[Input Boundary: Start]

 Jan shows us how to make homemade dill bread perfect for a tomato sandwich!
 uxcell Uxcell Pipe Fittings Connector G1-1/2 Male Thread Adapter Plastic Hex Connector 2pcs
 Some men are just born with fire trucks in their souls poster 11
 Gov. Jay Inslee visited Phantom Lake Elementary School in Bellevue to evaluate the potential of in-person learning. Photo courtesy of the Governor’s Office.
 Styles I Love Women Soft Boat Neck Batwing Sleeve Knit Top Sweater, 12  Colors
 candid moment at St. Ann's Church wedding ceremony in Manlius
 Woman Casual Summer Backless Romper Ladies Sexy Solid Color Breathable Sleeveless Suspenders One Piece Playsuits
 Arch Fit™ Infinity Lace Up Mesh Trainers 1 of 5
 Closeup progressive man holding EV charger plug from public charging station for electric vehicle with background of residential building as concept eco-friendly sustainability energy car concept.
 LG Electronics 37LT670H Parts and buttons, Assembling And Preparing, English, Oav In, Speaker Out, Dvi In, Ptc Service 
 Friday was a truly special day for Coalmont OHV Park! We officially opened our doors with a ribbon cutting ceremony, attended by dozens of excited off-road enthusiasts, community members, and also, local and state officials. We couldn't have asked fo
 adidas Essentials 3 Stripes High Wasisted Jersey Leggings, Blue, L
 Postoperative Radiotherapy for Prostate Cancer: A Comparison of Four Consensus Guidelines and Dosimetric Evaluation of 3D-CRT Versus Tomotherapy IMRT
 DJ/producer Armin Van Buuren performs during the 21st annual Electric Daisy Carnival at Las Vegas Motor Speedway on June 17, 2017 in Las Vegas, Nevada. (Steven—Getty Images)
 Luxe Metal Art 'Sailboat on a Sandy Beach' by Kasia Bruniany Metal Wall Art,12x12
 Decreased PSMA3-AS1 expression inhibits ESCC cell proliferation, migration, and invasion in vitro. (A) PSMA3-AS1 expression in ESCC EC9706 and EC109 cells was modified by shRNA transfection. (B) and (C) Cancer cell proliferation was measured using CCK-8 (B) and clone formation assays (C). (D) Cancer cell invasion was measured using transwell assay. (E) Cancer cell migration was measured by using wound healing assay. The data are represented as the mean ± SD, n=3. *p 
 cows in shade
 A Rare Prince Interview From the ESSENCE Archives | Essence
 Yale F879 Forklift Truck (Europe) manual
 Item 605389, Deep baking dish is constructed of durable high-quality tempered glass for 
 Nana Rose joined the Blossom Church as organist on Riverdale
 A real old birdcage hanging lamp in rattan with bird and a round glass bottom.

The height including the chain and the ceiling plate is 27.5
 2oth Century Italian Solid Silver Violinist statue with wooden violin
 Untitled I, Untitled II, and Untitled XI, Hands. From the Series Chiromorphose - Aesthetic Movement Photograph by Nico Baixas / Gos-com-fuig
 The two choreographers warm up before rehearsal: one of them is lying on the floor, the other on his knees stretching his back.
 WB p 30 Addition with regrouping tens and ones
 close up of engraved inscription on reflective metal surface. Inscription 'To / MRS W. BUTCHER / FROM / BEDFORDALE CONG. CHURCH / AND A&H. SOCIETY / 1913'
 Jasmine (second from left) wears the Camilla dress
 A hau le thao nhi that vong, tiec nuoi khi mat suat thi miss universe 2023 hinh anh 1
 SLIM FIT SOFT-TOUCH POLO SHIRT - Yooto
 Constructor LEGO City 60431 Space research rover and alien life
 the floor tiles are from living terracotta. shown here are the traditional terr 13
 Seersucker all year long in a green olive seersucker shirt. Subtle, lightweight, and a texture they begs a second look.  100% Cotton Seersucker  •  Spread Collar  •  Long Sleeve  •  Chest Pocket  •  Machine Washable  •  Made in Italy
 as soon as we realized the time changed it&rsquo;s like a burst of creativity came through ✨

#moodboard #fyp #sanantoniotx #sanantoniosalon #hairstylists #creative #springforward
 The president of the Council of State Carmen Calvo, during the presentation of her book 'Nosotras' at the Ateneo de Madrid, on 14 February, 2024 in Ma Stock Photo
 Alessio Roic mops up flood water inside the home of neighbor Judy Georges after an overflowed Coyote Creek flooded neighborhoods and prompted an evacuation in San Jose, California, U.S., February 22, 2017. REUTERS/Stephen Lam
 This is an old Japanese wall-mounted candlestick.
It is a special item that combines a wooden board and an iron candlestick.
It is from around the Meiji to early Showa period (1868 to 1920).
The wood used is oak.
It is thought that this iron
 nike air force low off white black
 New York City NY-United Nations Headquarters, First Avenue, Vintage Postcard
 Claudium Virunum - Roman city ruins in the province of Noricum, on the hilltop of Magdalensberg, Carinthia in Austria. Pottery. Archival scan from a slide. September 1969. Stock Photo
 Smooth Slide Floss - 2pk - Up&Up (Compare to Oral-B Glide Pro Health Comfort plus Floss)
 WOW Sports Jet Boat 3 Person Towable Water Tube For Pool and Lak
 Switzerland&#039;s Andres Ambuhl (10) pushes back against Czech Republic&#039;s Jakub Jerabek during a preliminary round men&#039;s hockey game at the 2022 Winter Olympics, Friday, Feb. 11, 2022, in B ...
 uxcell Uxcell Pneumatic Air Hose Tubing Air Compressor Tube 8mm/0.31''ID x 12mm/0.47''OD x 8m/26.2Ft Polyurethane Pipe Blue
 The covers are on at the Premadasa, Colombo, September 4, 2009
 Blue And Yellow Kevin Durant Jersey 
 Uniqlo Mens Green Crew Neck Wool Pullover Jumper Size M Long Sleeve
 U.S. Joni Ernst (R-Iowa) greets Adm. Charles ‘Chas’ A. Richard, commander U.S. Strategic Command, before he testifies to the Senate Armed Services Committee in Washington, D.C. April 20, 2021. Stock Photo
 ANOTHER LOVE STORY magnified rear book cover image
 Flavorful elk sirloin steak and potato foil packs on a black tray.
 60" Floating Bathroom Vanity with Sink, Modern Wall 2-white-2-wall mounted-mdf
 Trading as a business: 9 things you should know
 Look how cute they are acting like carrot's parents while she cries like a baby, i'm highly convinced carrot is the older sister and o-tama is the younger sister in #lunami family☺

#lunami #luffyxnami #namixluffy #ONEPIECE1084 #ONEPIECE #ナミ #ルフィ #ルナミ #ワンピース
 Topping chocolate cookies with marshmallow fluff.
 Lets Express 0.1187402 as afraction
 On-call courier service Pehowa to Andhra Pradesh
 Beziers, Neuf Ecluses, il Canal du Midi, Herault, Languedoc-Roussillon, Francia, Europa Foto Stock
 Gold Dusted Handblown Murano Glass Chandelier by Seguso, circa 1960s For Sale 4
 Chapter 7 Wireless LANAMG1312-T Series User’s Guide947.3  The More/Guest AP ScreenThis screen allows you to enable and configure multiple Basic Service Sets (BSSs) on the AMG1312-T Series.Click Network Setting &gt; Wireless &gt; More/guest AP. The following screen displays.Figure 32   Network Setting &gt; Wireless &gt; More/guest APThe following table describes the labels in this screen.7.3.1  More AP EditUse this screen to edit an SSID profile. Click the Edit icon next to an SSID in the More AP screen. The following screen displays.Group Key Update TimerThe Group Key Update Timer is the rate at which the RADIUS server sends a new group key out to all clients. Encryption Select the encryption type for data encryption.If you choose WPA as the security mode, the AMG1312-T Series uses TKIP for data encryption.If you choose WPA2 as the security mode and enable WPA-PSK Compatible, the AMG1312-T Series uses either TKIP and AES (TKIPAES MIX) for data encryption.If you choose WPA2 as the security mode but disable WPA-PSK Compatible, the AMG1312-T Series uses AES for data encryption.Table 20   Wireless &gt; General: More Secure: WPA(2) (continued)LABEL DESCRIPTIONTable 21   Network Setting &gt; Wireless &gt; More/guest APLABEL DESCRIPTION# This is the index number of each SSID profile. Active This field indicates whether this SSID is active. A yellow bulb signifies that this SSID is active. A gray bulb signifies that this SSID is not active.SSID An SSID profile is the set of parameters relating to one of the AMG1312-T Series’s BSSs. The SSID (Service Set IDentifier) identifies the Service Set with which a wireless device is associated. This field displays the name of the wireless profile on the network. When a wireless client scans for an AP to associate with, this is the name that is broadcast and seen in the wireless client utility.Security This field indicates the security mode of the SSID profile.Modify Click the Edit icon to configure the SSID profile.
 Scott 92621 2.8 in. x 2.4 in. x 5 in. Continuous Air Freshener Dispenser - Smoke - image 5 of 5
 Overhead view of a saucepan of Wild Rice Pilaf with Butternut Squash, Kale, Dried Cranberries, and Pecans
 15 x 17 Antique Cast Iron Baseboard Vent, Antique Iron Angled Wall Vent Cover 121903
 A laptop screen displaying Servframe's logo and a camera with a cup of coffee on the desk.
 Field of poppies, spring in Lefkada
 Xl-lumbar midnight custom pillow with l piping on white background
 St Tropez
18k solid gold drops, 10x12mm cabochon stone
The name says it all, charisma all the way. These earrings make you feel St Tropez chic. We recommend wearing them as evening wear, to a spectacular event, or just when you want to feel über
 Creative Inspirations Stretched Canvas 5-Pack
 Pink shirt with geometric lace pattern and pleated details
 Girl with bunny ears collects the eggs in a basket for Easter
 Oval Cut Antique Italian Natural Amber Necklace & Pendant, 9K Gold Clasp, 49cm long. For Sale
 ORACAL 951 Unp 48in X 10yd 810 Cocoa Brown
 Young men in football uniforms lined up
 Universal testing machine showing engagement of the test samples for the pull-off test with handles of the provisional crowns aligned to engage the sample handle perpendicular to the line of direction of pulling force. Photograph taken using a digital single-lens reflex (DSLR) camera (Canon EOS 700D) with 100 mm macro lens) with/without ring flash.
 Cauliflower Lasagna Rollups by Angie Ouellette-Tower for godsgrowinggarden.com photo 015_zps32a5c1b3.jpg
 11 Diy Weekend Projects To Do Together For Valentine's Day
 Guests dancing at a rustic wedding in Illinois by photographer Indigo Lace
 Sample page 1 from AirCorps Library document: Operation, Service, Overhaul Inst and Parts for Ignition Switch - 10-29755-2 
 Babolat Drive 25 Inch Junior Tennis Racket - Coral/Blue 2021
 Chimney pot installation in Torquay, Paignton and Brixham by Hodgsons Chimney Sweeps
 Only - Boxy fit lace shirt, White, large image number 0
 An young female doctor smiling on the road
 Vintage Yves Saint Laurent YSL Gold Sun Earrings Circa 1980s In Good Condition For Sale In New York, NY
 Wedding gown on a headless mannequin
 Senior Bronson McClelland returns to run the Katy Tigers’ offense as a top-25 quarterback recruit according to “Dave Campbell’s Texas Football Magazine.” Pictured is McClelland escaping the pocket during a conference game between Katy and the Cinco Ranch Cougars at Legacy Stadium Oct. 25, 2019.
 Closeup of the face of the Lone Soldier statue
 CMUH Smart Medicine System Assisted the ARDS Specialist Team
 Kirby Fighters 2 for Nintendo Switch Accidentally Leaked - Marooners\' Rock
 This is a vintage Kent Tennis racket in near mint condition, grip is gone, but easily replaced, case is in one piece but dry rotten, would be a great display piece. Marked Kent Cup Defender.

[Input Boundary: End]

Scan the data above for the word "Antique" and report every line where it is found.

* **Response to the exercise**
 15 x 17 Antique Cast Iron Baseboard Vent, Antique Iron Angled Wall Vent Cover 121903
 Oval Cut Antique Italian Natural Amber Necklace & Pendant, 9K Gold Clasp, 49cm long. For Sale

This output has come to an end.